Data security and risk management - Best Practices for Tagging AWS Resources

Data security and risk management

Within an AWS environment, you will probably have accounts with differing compliance and security requirements. For example, you might have a developer sandbox, and an account hosting the production environment for a highly regulated workload, such as processing payments. By isolating them into different accounts, you can apply distinct security controls, constrain access to sensitive data, and reduce the scope of audit for regulated workloads.

Adopting a single standard for all workloads can lead to challenges. While many controls apply equally across an environment, some controls are excessive or irrelevant for accounts that don't need to meet specific regulatory frameworks, and accounts where no personal identifiable data will ever be present (for example, a developer sandbox, or workload development accounts). This typically leads to false positive security findings that must be triaged and closed with no action, which takes effort away from findings that should be investigated.

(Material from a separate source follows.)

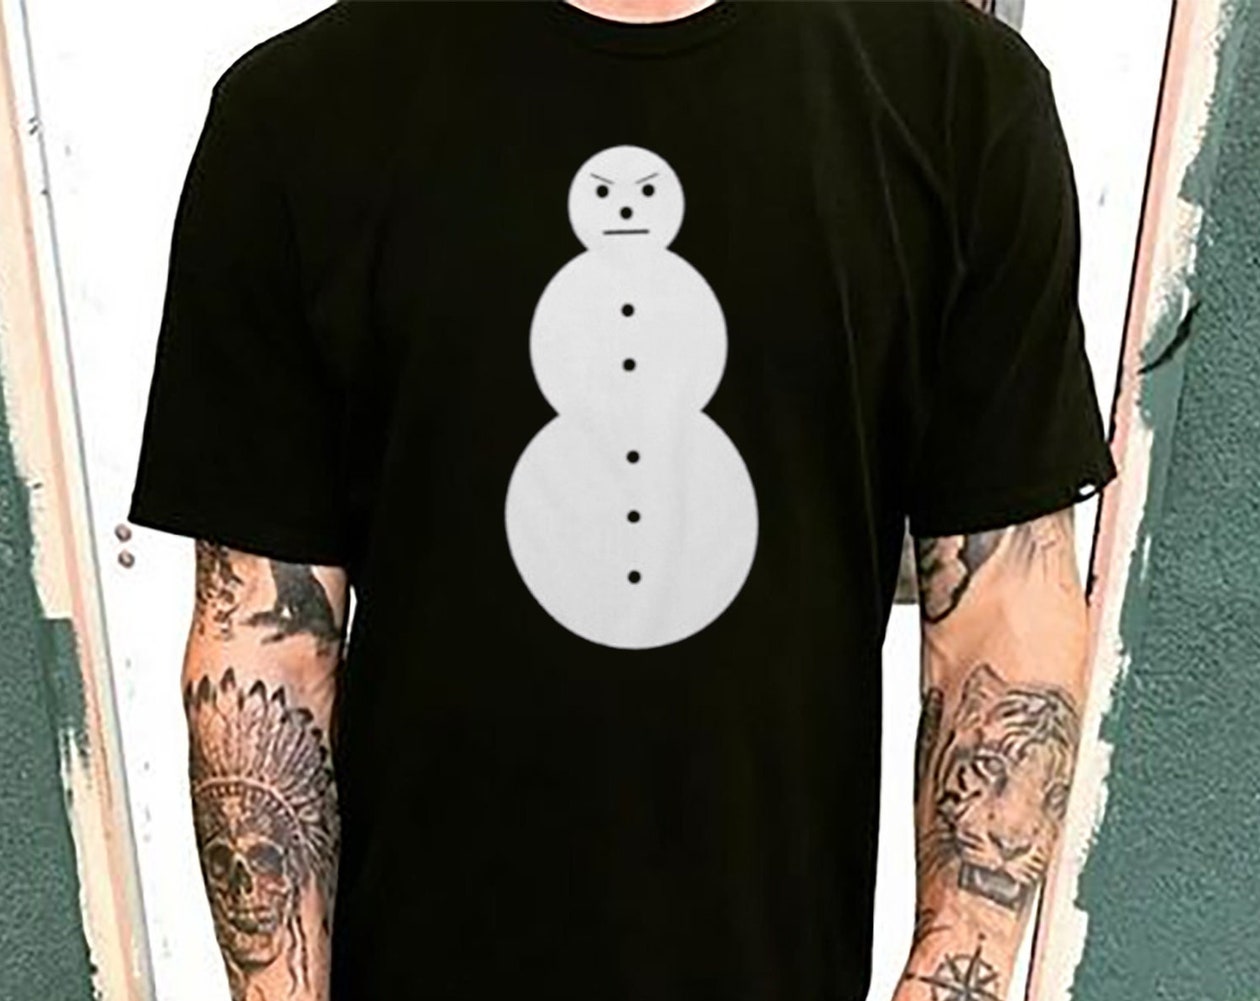 Jeezy-Snowman-Shirt-31712152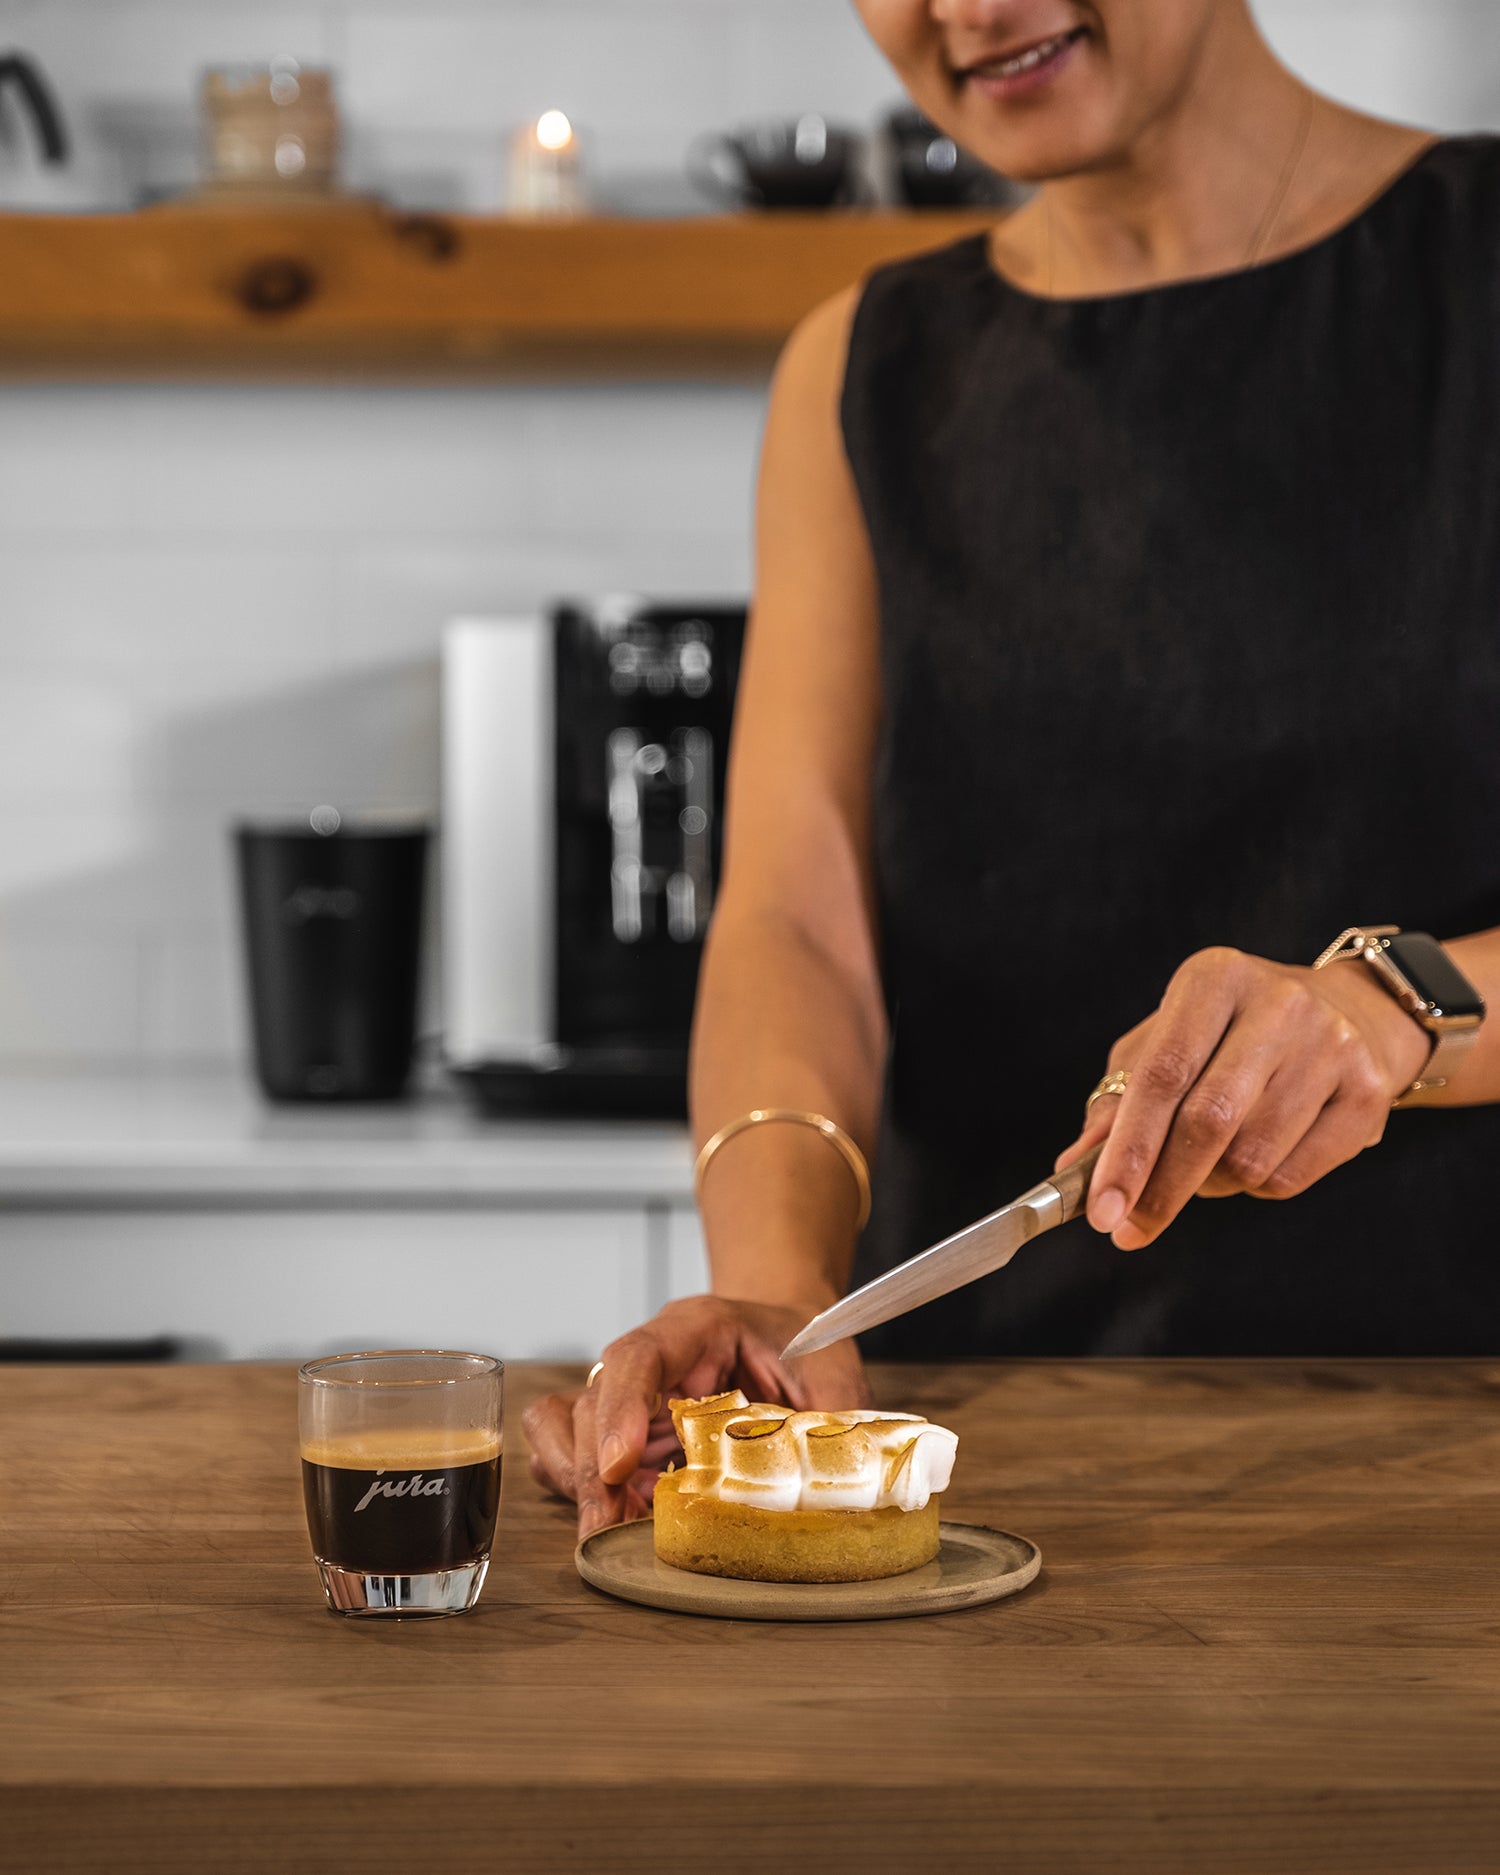 Femme coupant une pâtisserie à côté d'une tasse d'espresso JURA. JURA E6 en arrière - plan

Table 11 – Example data security and risk management tags

Use case Tag Key Rationale Example Values
Incident management example-inc:incident- management:escalationlog The system in use by the supporting team to log incidents jira, servicenow, zendesk
Incident management example-inc:incident- management:escalationpath Path of escalation ops-center, dev-ops, app-team
Data classification example-inc:data:classification Classify data for compliance and governance Public, Private, Confidential, Restricted
Compliance example-inc:compliance:framework Identifies the compliance framework the workload is subject to PCI-DSS, HIPAA

Manually managing different controls across an AWS environment is both time consuming and error prone. The next step is to automate the deployment of appropriate security controls, and configure inspection of resources, based on the classification of that account. By applying tags to the accounts and the resources within them, the deployment of controls can be automated and configured appropriately for the workload.

Example:

A workload includes an Amazon S3 bucket with the tag example-inc:data:classification with the value Private. The security tooling automation deploys AWS Config rule s3-bucket-public-read-prohibited, which checks the Amazon S3 bucket’s Block Public Access settings, the bucket policy, and the bucket access control list (ACL), confirming the bucket’s configuration is appropriate for its data classification. To ensure the content of the bucket is consistent with the classification, Amazon Macie can be configured to check for personal identifiable information (PII). The blog Using Amazon Macie to Validate S3 Bucket Data Classification explores this pattern in greater depth.

Certain regulatory environments, such as insurance and healthcare, might be subject to mandatory data retention policies. Data retention using tags, combined with Amazon S3 Lifecycle policies, can be an effective and simple way to scope object transitions to a different storage tier. Amazon S3 Lifecycle rules can also be used to expire objects for data deletion after the mandatory hold period expires. Refer to Simplify your data lifecycle by using object tags with Amazon S3 Lifecycle for an in-depth guide to this process.

Additionally, when triaging or addressing security finding, tags can provide the investigator with important context that helps qualify the risk, and aids in engaging the appropriate teams to investigate or mitigate the finding.